Alexandra Jedrych: Wie würdest du zunächst deine eigenen Erfahrungen mit drei Jahrzehnten Schulalltag zusammenfassen?

Lothar Gütter: Wenn ich auf diese Zeit zurückblicke, fühlt es sich trotz aller erlebten Probleme und Frustrationen sehr bunt und lebendig an. Wenn ich mit einem Mangelbewusstsein vor eine Klasse träte, ginge ich gnadenlos unter. Die Kinder und Jugendlichen spüren das sofort, und sie wünschen sich nichts sehnlicher als lebendigen Kontakt. Das Movens jeder Unterrichtsstunde ist die spürbare Begeisterung. Diese erlebte Präsenz im Hier und Jetzt überträgt sich in Windeseile auf alle Beteiligten und verändert den pädagogischen Raum – und aus einer „Penne“ wird ein Raum der Potentialentfaltung.

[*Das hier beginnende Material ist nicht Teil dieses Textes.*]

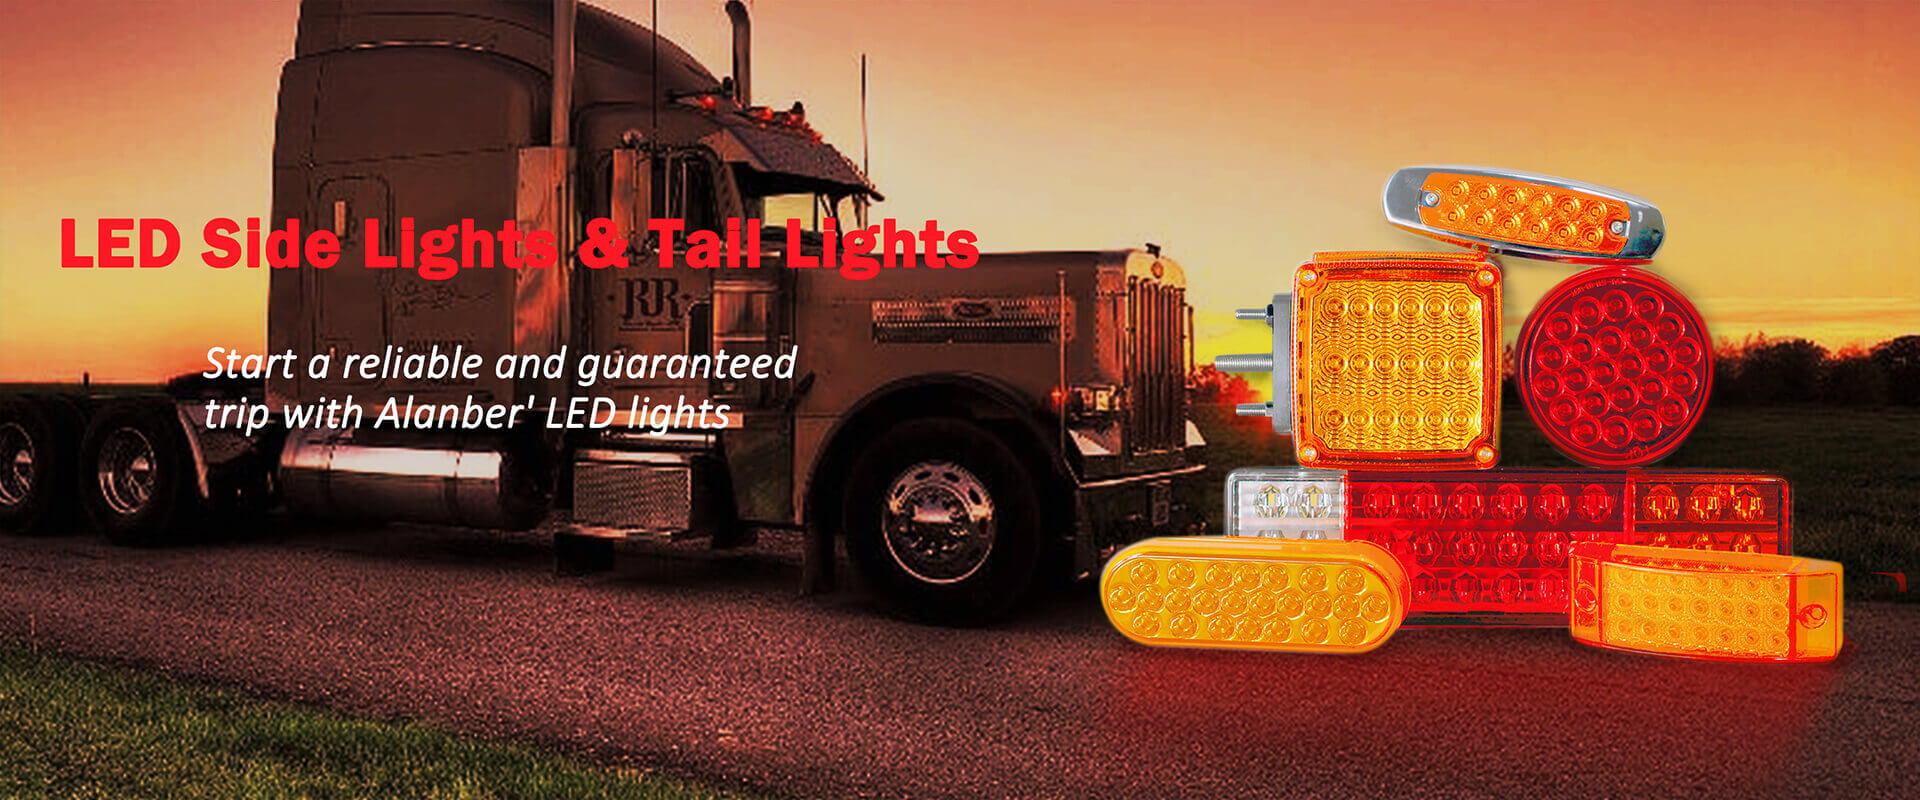 Tail Auto LightsWork Led Truck Parts jqzpMVSLUG

Worin siehst du die wesentliche Aufgabe der Schule?

Jedes Kind sehnt sich nach Verbindung und nach Fülle des Erlebens im Hier und Jetzt – das ist naturgegeben. Schule bedeutet im lateinischen Wortursprung „Müßiggang“ oder freier übersetzt „freie Persönlichkeitsentwicklung“. Der Gehirnforscher Hüther hat ja in vielen Vorträgen dieses Phänomen sehr deutlich gemacht. Wir brauchen angesichts der Herausforderungen der Zukunft mutige und selbstbewusste Menschen, die bereit sind, ihren systembedingten Objekt status zu verlassen, aus dem passiven Erdulden heraus zutreten, sich zu zeigen und zu mutigen Subjekten ihres Handelns zu werden.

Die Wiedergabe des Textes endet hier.